Sam Winter-Levy: I’ll be watching the implications for the export control debate. DeepSeek’s success has turbocharged the narrative that export controls don’t matter or that they may have even backfired, and there will probably be renewed calls from industry to relax them—or at the very least to scrap the Biden administration’s diffusion framework, which sought to use the United States’ AI lead to set the global terms for the market. As I said earlier, I think that view of export controls misses some of the logic behind them and their likely future impact, and the diffusion framework relied in large part on U.S. advantages in manufacturing chips, not just in developing world-beating models—an advantage that remains robust, for now.

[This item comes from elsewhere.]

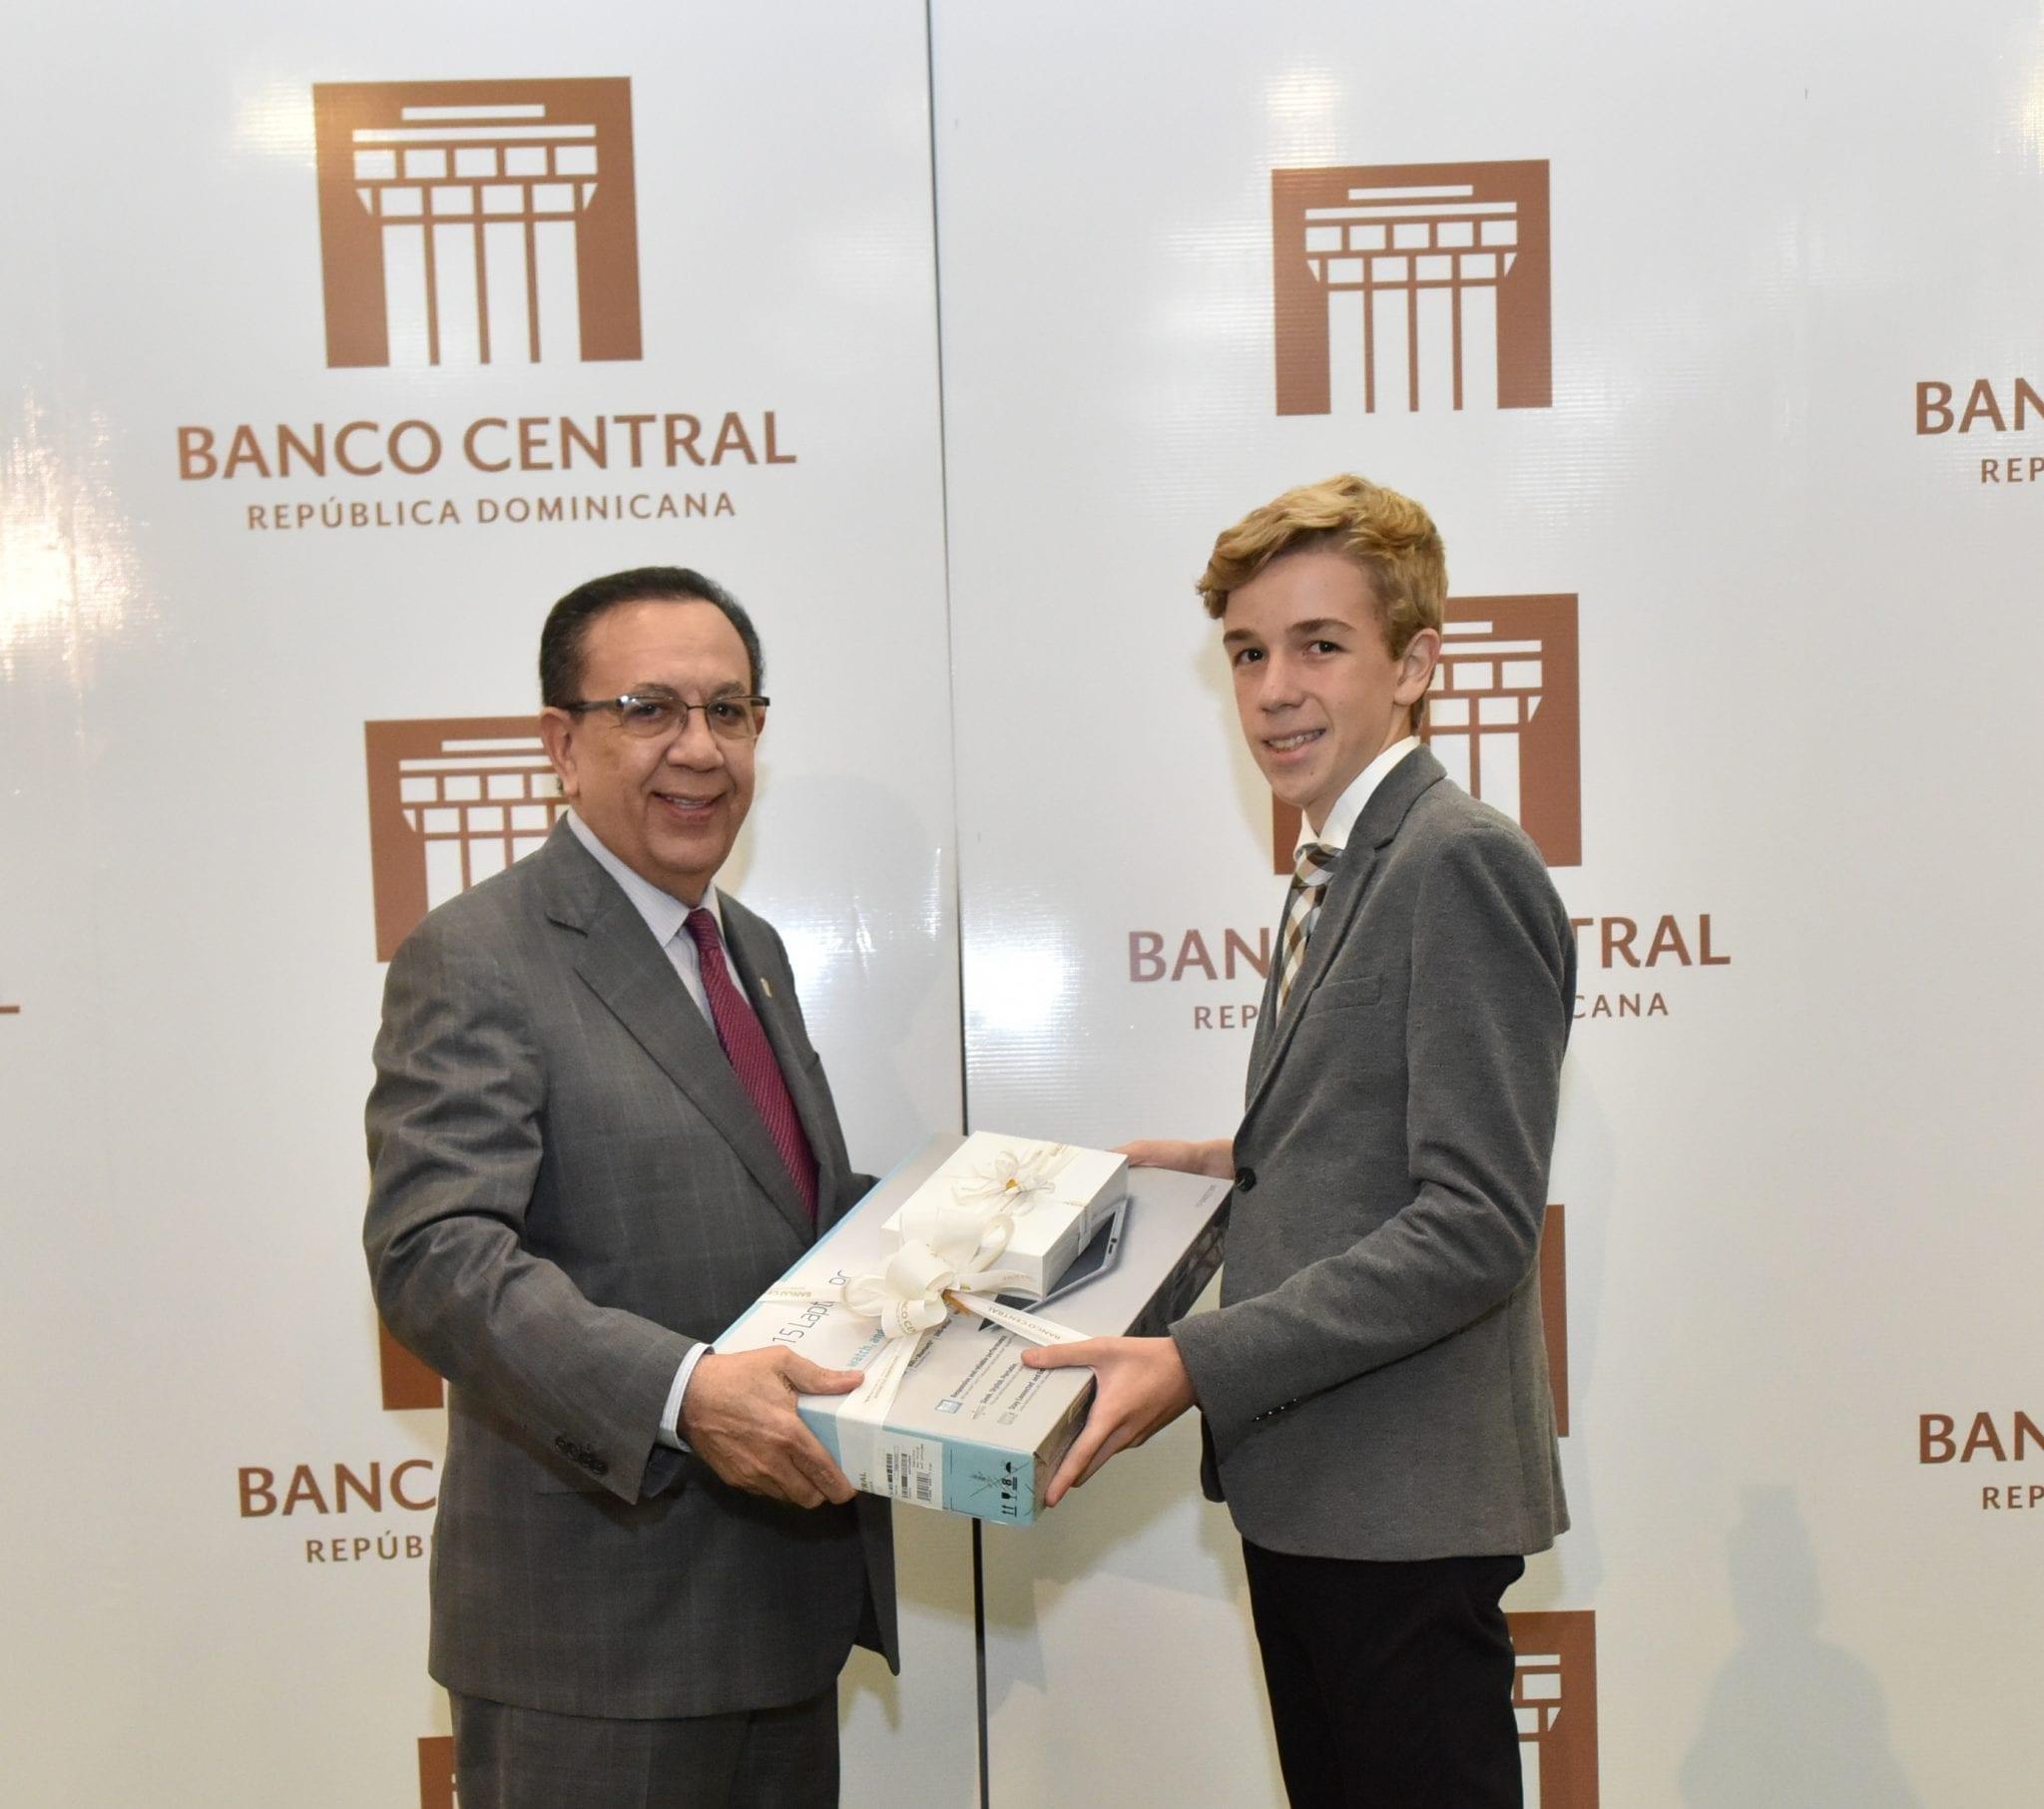 """Banco Central Rep. Dom. entrega los premios """"Máxima excelencia estudiantil 2019"""""""
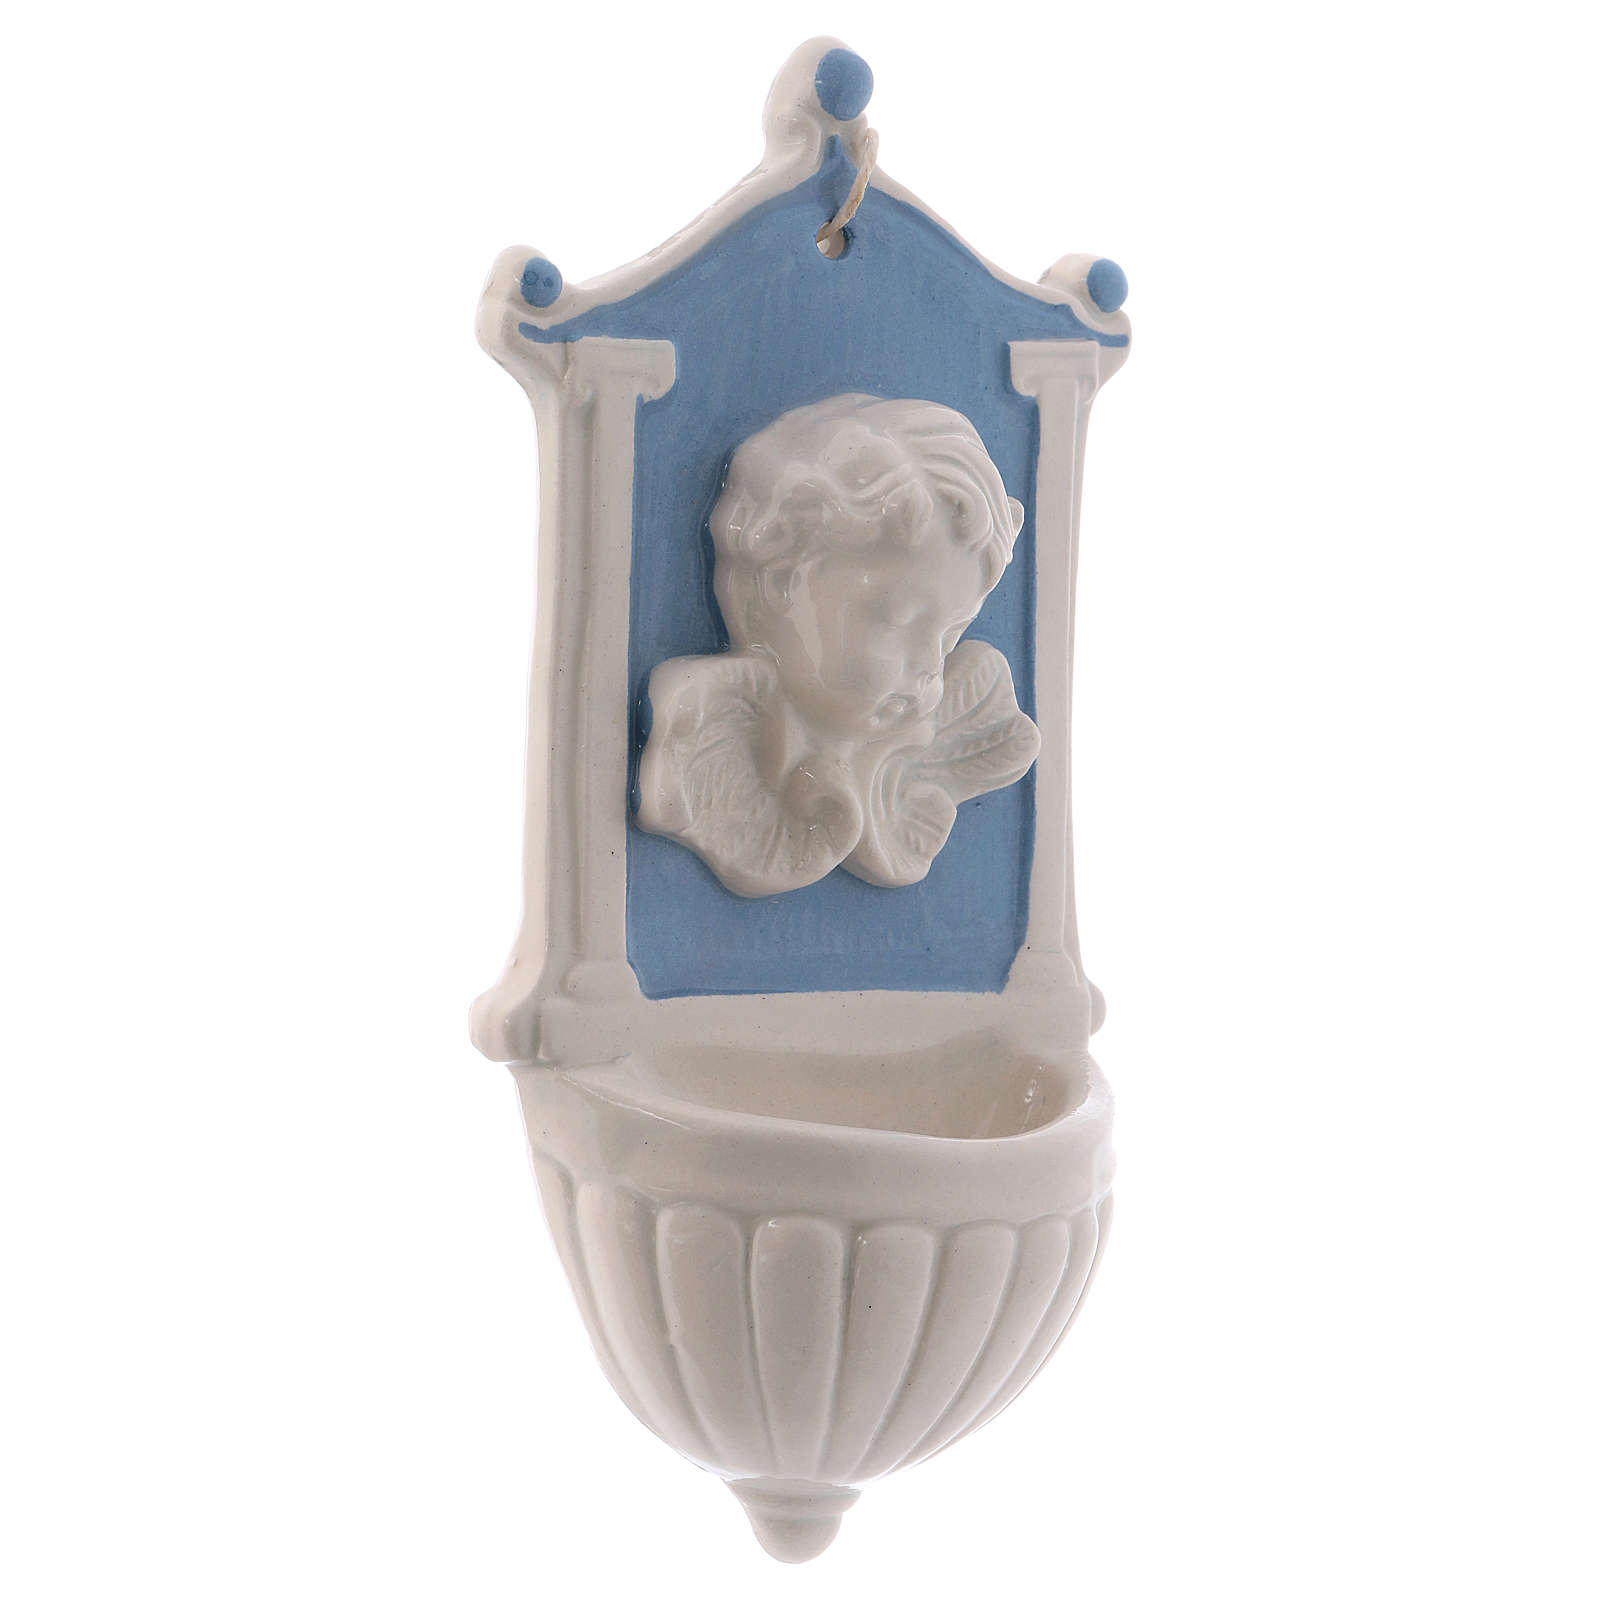 Pila angelito fondo azul columnas al lado 15x10x5 cm cerámica Deruta 4

I don’t think the Trump administration will respond to a Chinese technological breakthrough by allowing the Chinese to buy more advanced American chips, but I’ll be looking to see if these narratives lead to a relaxation of some of these policies. The recurring tension in debates over export controls is between national security hawks who want to curtail technology flows and U.S. corporations that want to retain access to foreign business opportunities, and which of those constituencies will gain more influence in the new administration is anyone’s guess.